Professional Learning Communities and the Instructional Leadership Team.

First, a disclaimer: I will NOT do justice to the process of teacher learning that is place in my school. It is just too big to cover in depth in a blog and is more of a research paper.

Our school, in Minneapolis, MN, is part of the Minnesota Teacher Advancement Program (MNTAP). It's part of a larger QComp, professional pay program through the State of Minnesota. The Teacher Advancement Program is a national organization working to improve teacher quality. In Minneapolis Public Schools we are using TAP (district TAP page) at several schools, including mine.

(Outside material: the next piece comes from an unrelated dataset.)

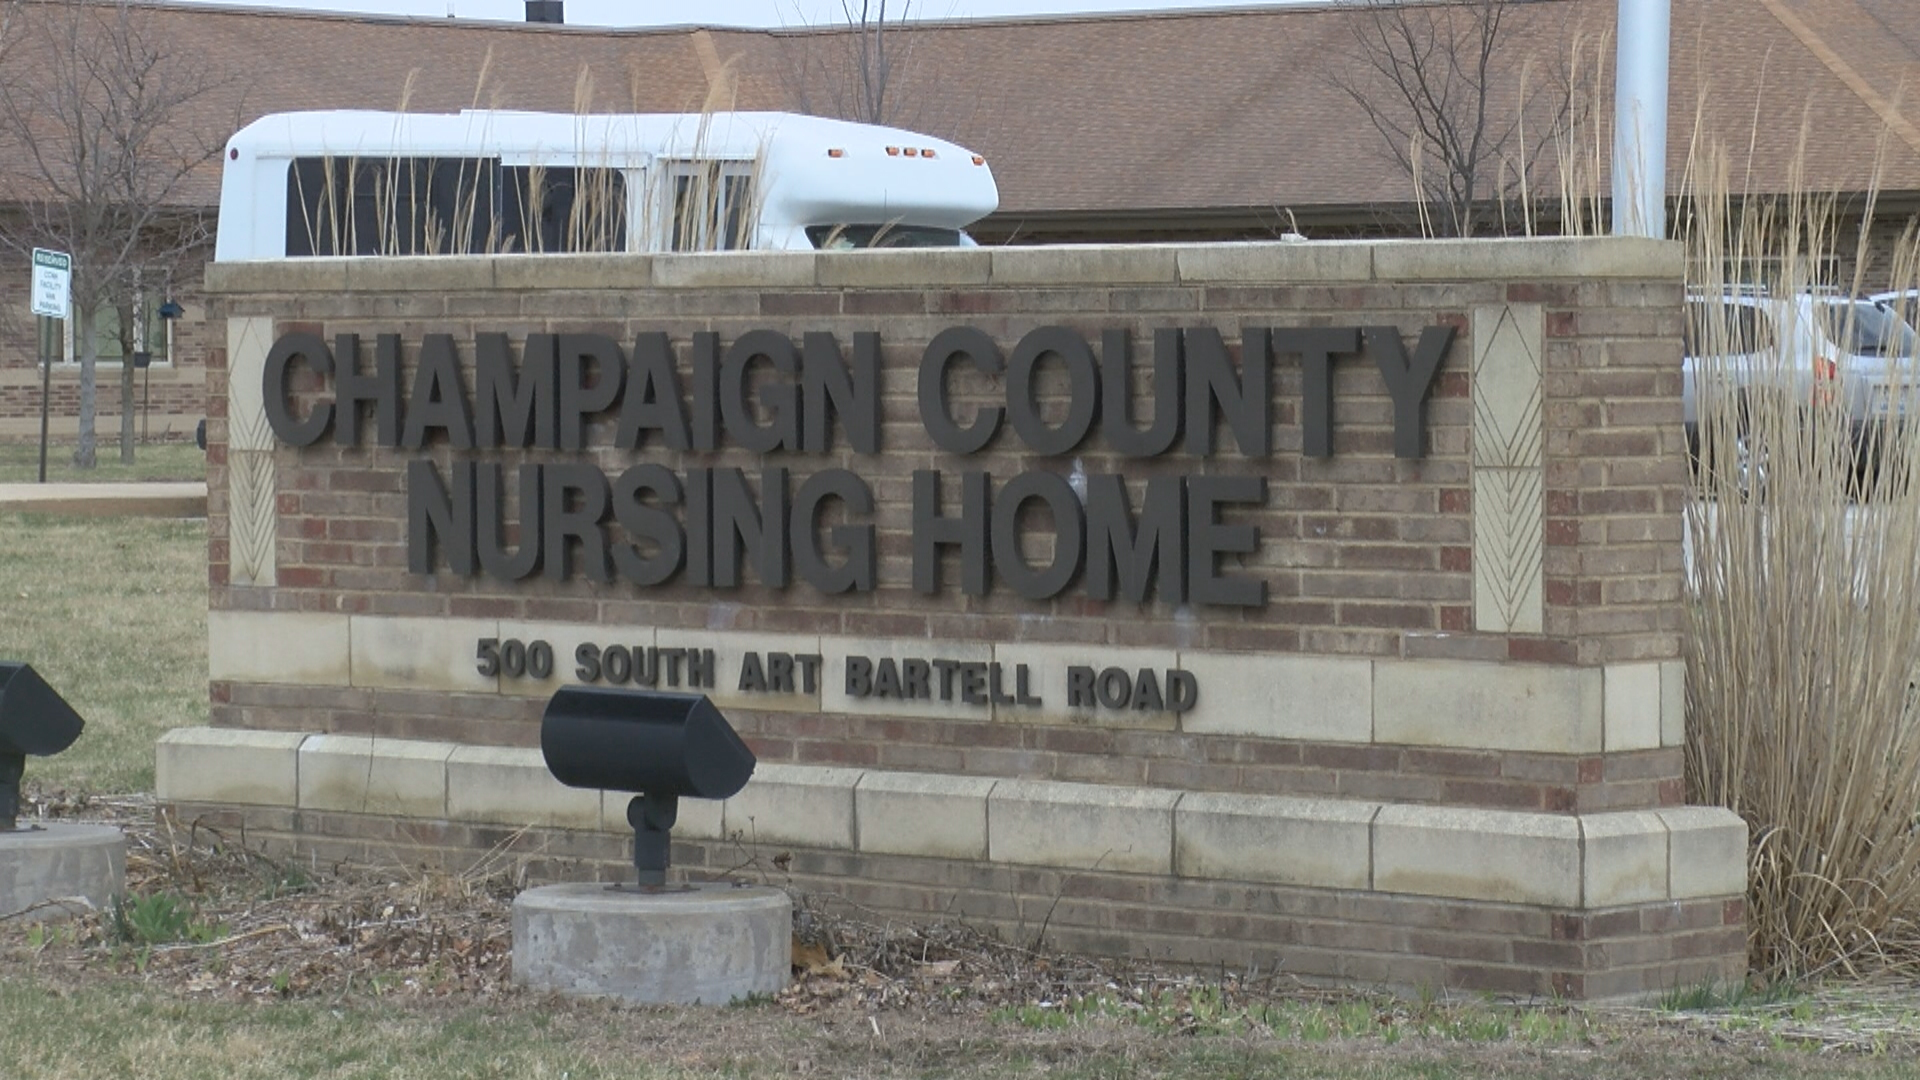 champaign county nursing home (6)_1554931628014.jpg.jpg

As part of our involvement in TAP, we get the following:
  • 3 full time TAP mentor teachers who lead professional development, conduct teacher observations and field test new strategies based data evaluation.
  • 3 TAP coaches who teach all but 1 hour per day. That last hour they do things similar to what mentors do.
  • 1 hour per week of cluster meetings to share best practices from your classroom and get new learning to bring back to your classroom.
  • Reflection in a Individual Growth Plan that is completed weekly.
Teacher Observations

I love the teacher observations by the mentor teachers. Partially, because I have a mentor that, even though new to the building, I respect and admire for her teaching and leading powers. I am observed formally, by her, twice a year. However, informally, she is in my room often observing my teaching and management and she gives written feedback on that. I am observed on a rubric that has 13 different categories from standards and objectives to questioning to academic feedback. It's a comphrehensive rubric that really covers high quality teaching. I am also observed once a year by a principal or assist. principal.

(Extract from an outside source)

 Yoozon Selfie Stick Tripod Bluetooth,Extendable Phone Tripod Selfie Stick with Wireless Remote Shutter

Instructional Leadership Team

But back to pedagogy (I don't like that word). In our cluster meetings, we have time to share what is working, what isn't working and what are mentors have learned that is working. Its usually focused but does get side tracked.

At my school, we have an Instructional Leadership Team. It is composed of the principal (who sits back and lets the other members have the leadership, it's nice) and 2 A.P.s, 3 mentors, 3 coaches, our math specialist, our reading specialist and me, the AVID representative. It is also open to any other teachers who want to have a say in what happens in TAP (only one person has taken us up on it)

In our hour long weekly meetings, we plan the cluster meetings for the week for the teachers. We talk about data and how that is driving our instruction. We discuss the district mandates that are constantly coming at us. We work through issues that were brought up in cluster meetings the week prior. Basically, we figure out how to make teaching and learning better in our school and to improve (can't believe I'm going to type this) our test schools (there I wrote it!).

Professional Learning Communities

We call them TAP Clusters. It's an hour every week, lead by the mentors and coaches. I get to enjoy the new learning, even though I had a hand in creating it. This is really where the reflection comes in. We complete an Individual Growth Plan (IGP) weekly. We take notes on the new learning. At the end of the hour, we write about how we are going ot apply it to our classroom. The next week come back and write about the outcomes, including number and ancetodatal evidence.

What do I think?

Overall, it's a good system. Professional development, teacher feedback on classroom instruction, rubric accountability and dedicated people to ensure that we stay on track.